Saturday, February 24, 2007

Collectible

This is a clarion call to the music and movie industries. You have to figure a way to get more collectible but quick or your days of physical formats are numbered. I am not sure that this matters to you all all the much, maybe moving to digital is just fine with you, and I certainly don't want to promote your desire for redundant formats and increased capital. But collectors like me will always want to collect. Me, I collect books.

So here's what I'm thinking. Hardcore collectors aren't all going to abandon their coveted movie collections. But almost all tech savvy and casual collecting people are. There is simply no reason to take up hordes of space with your music and movies. And so I am predicting the death of physical formats in those industries. And I for one would at least like there to be another option.
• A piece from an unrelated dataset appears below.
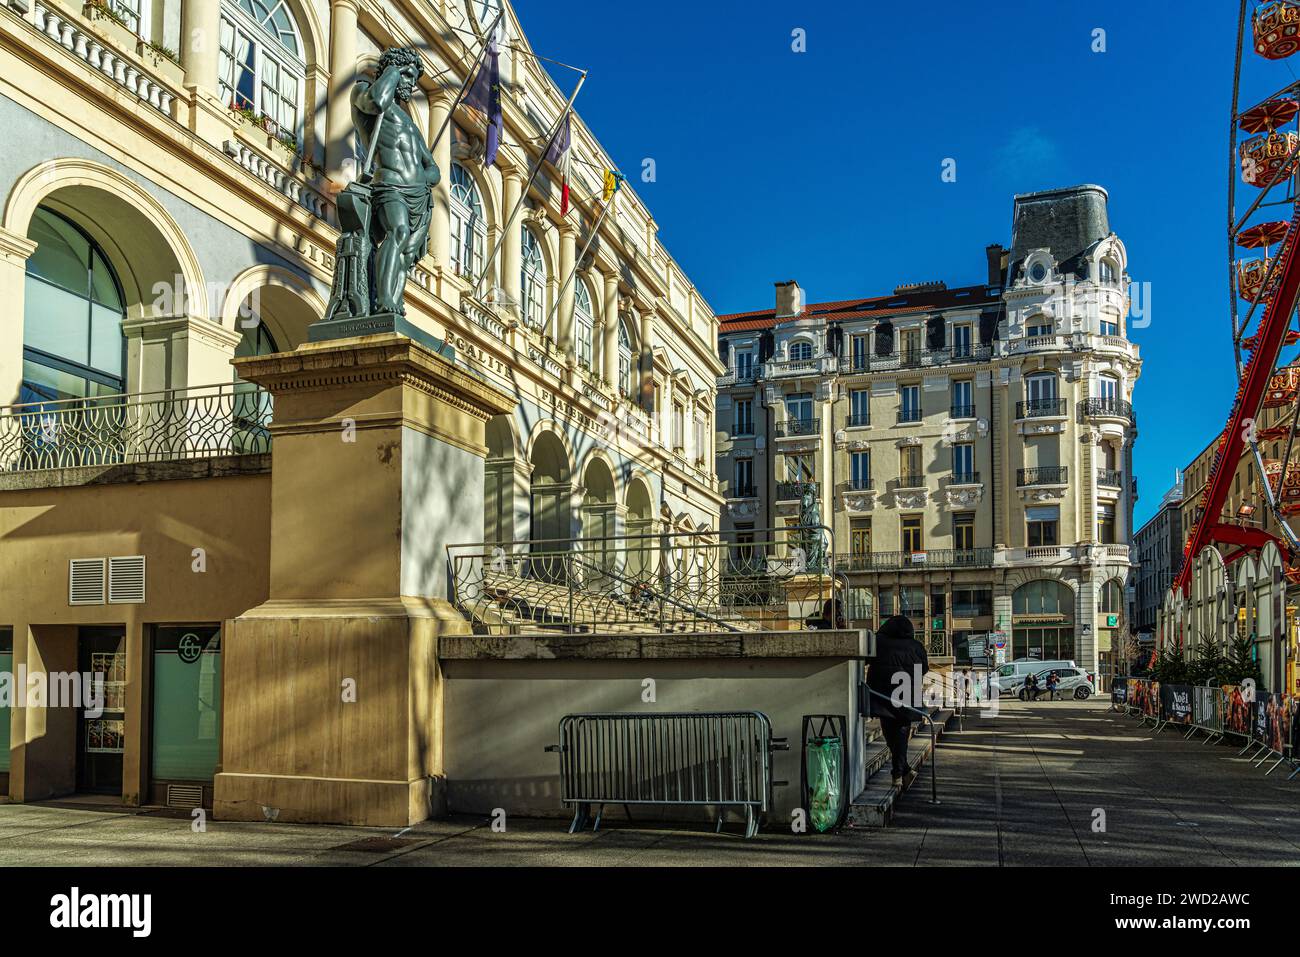 Fassade und Architektur des Hotels de Ville in Saint Etienne. Im Hintergrund ein barocker Palast mit Blick auf den Platz. Saint-Etienne, Francia Stockfoto

The problem simply stated is plastic. And inserts. These things just scream disposable. Look at the mass CD booklet craze of the 90's. Everyone took out the slip insert and the CD and trashed its plastic casing. And then you have a collection of CDs with a ridiculous home. That of course is the impulse to condense which quite frankly is much more efficiently done by digital formats.

Both industries need to standardize some sort of integral construction of their products. Bind inserts to the front flap. Set the whole thing in a nice binding. Make it look collectible. Of course many already are this way, but they are fewer and further between and in fact complicate collection by destroying uniformity. But plastic doesn't work even if it is uniform. It is simply not nice enough and worthy of display enough to survive the impending onslaught of serious digital offerings.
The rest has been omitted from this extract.